Reproduce the data in full, exactly as given, leaving images out.

[Exercise data]
______
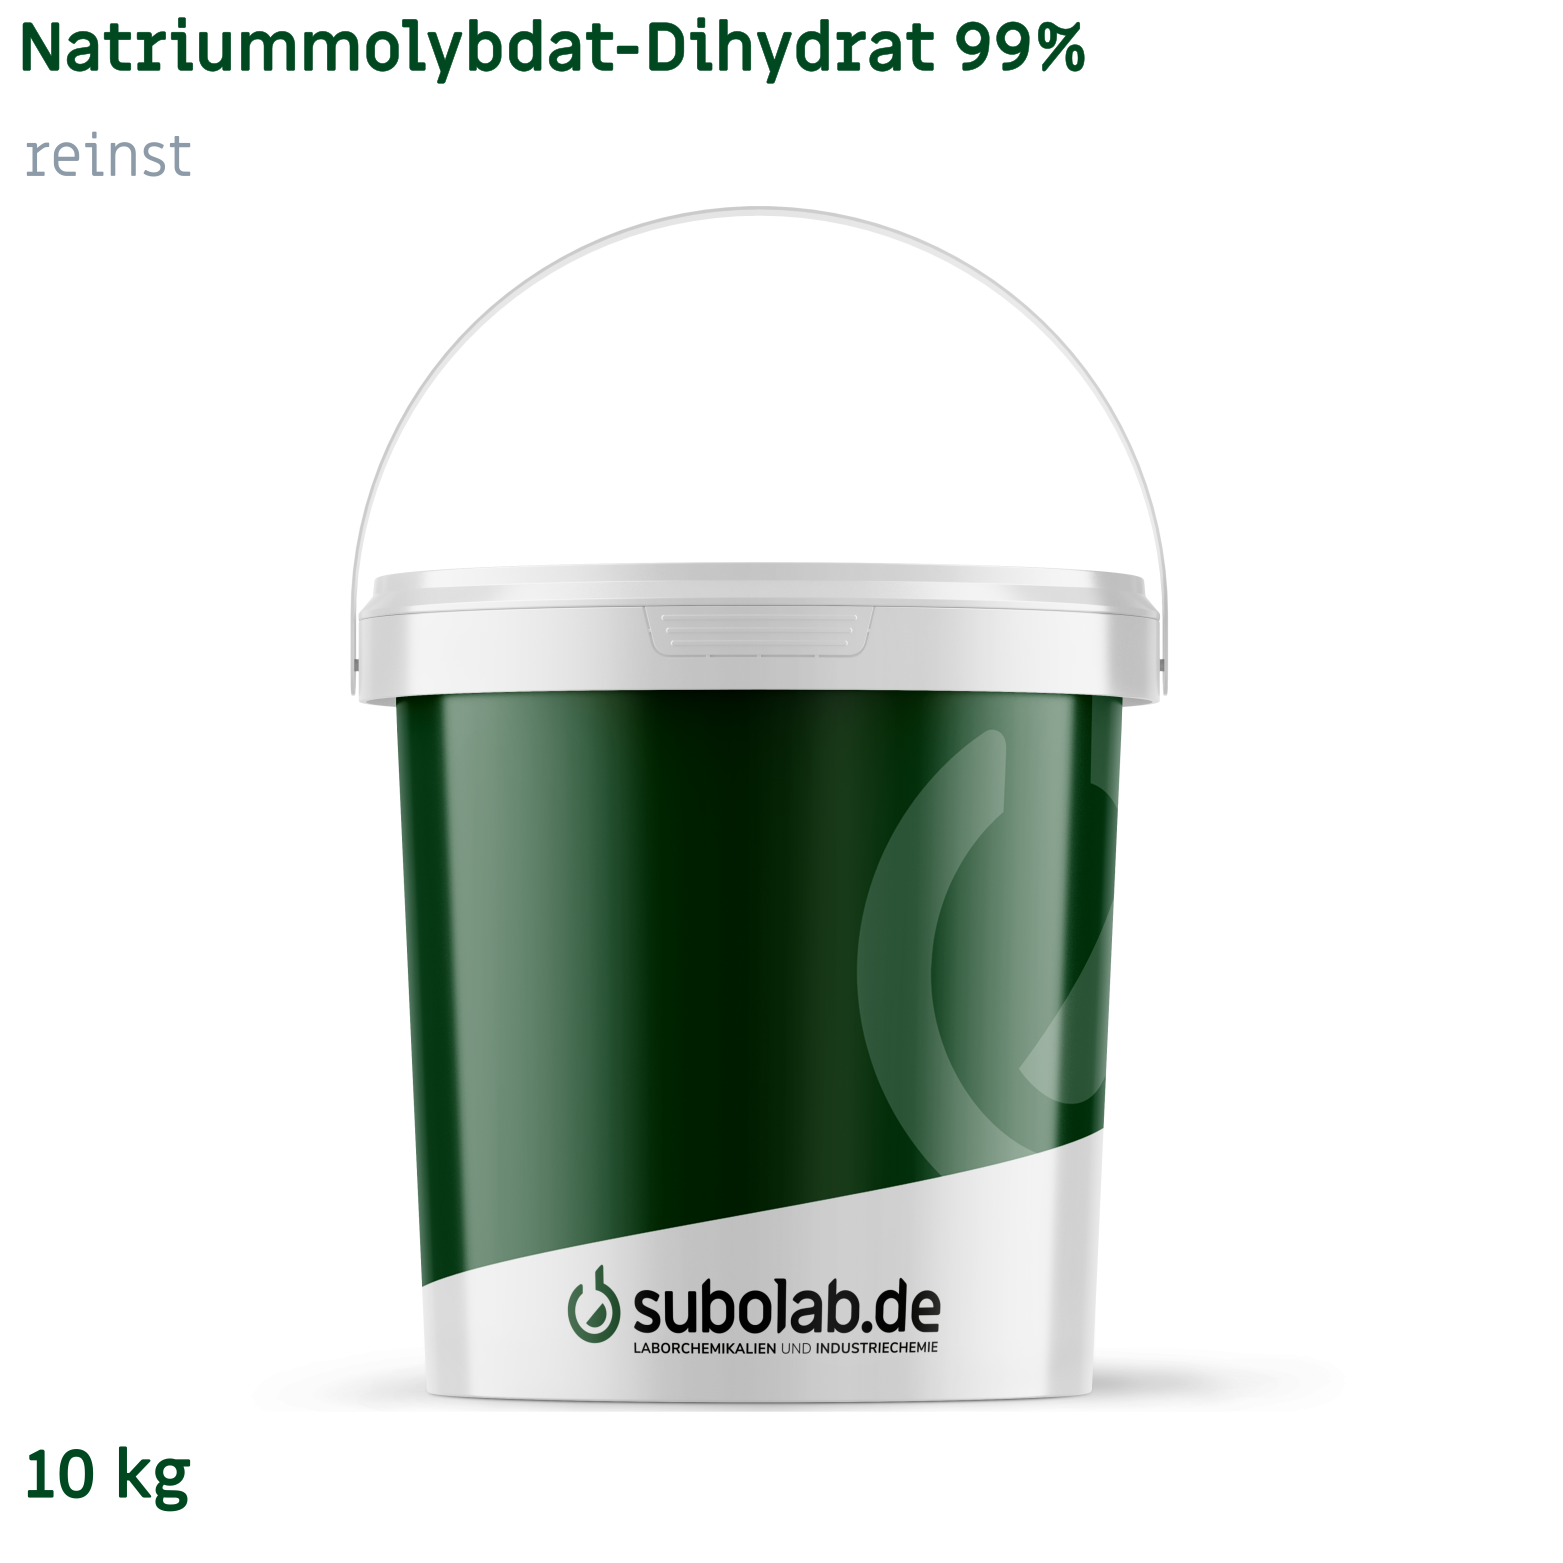 Bild von Natriummolybdat - Dihydrat 99% reinst (10 kg)
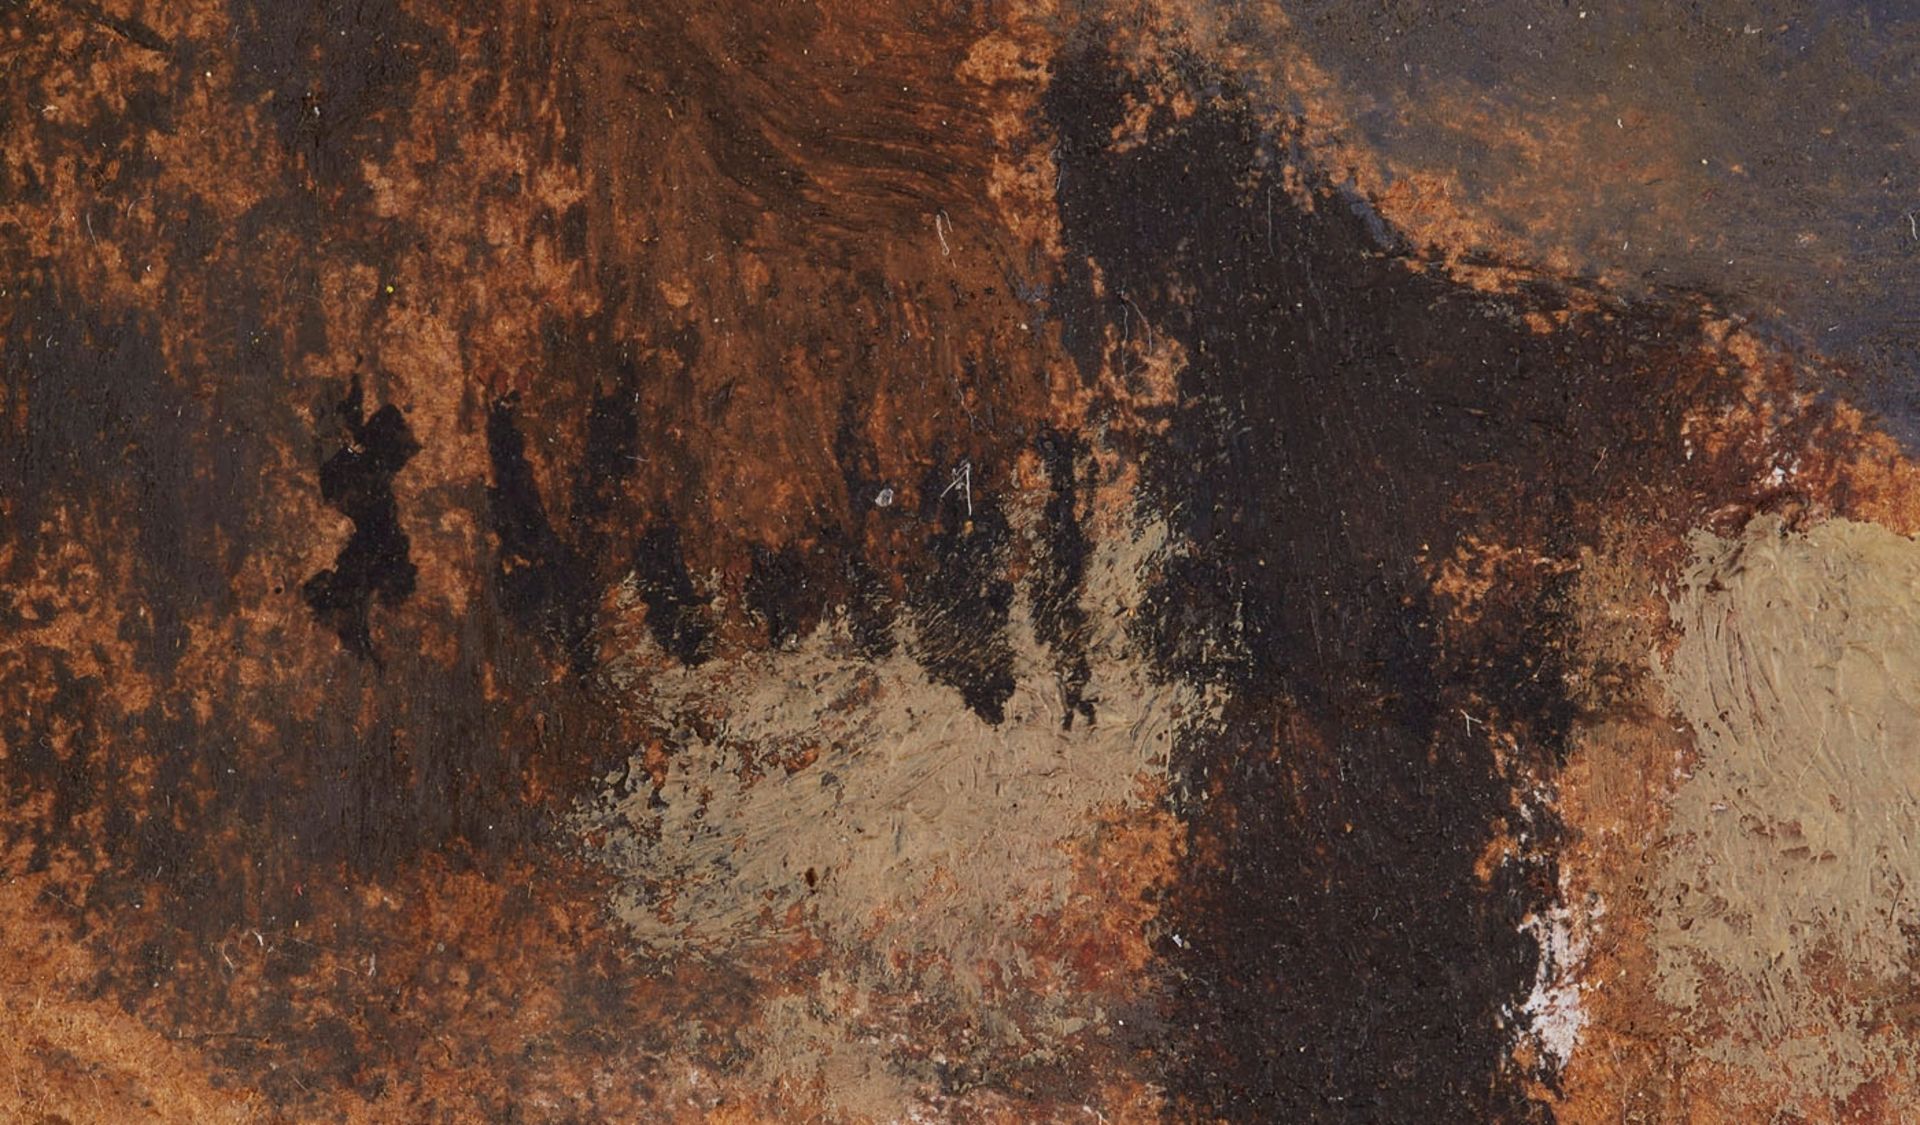 Vuillard, Edouard - Image 50 of 51
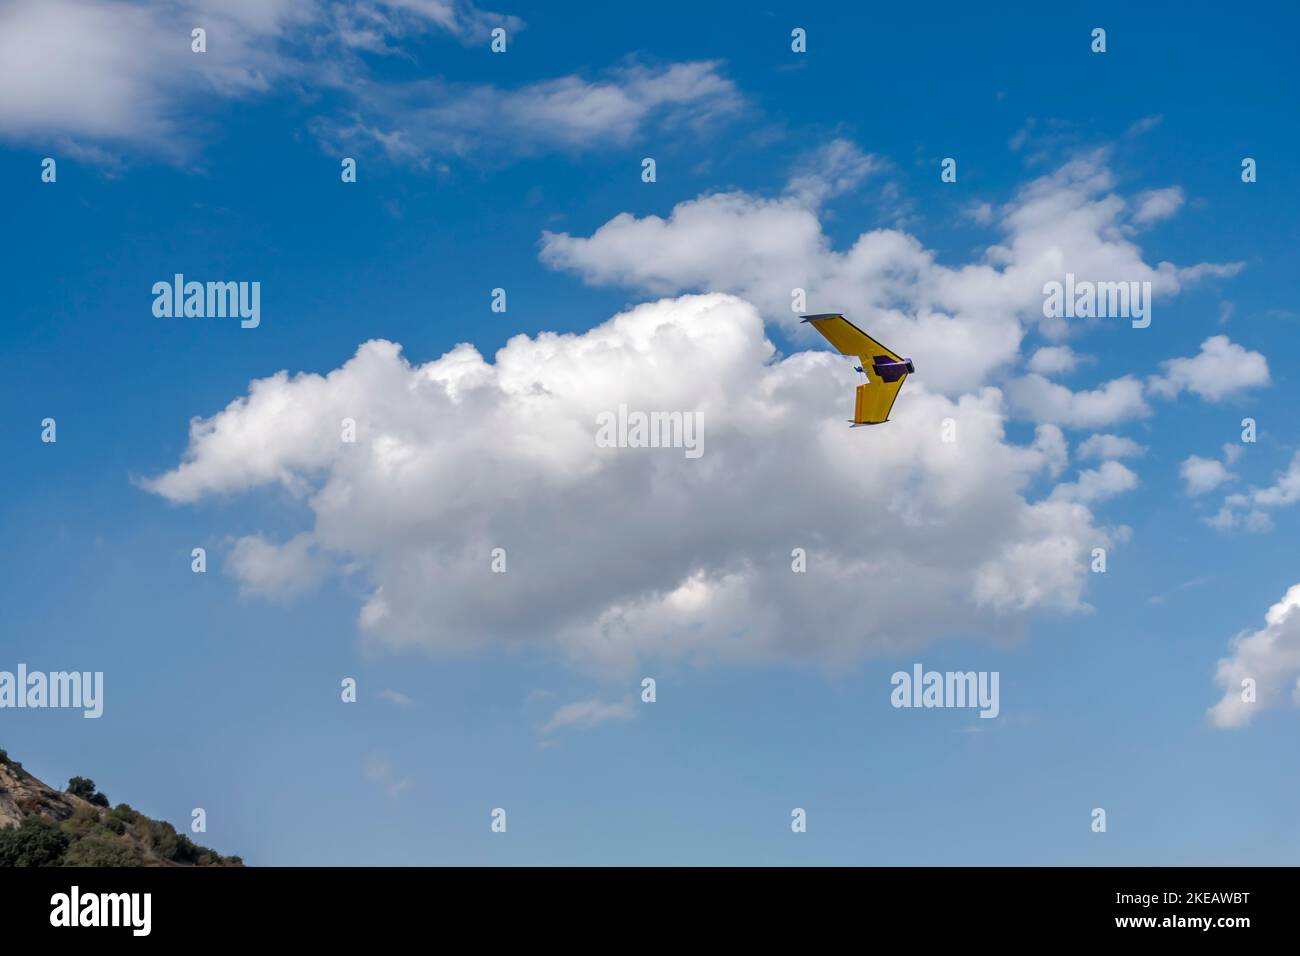 Il drone UAV dell'aeromobile controllato a distanza vola con un'elica, un aereo di colore giallo e viola. Vista ad angolo basso con cielo nuvoloso blu sullo sfondo Foto Stock
______
[Expected answer]
 Bild von Natriummolybdat - Dihydrat 99% reinst (10 kg)
 Vuillard, Edouard - Image 50 of 51
 Il drone UAV dell'aeromobile controllato a distanza vola con un'elica, un aereo di colore giallo e viola. Vista ad angolo basso con cielo nuvoloso blu sullo sfondo Foto Stock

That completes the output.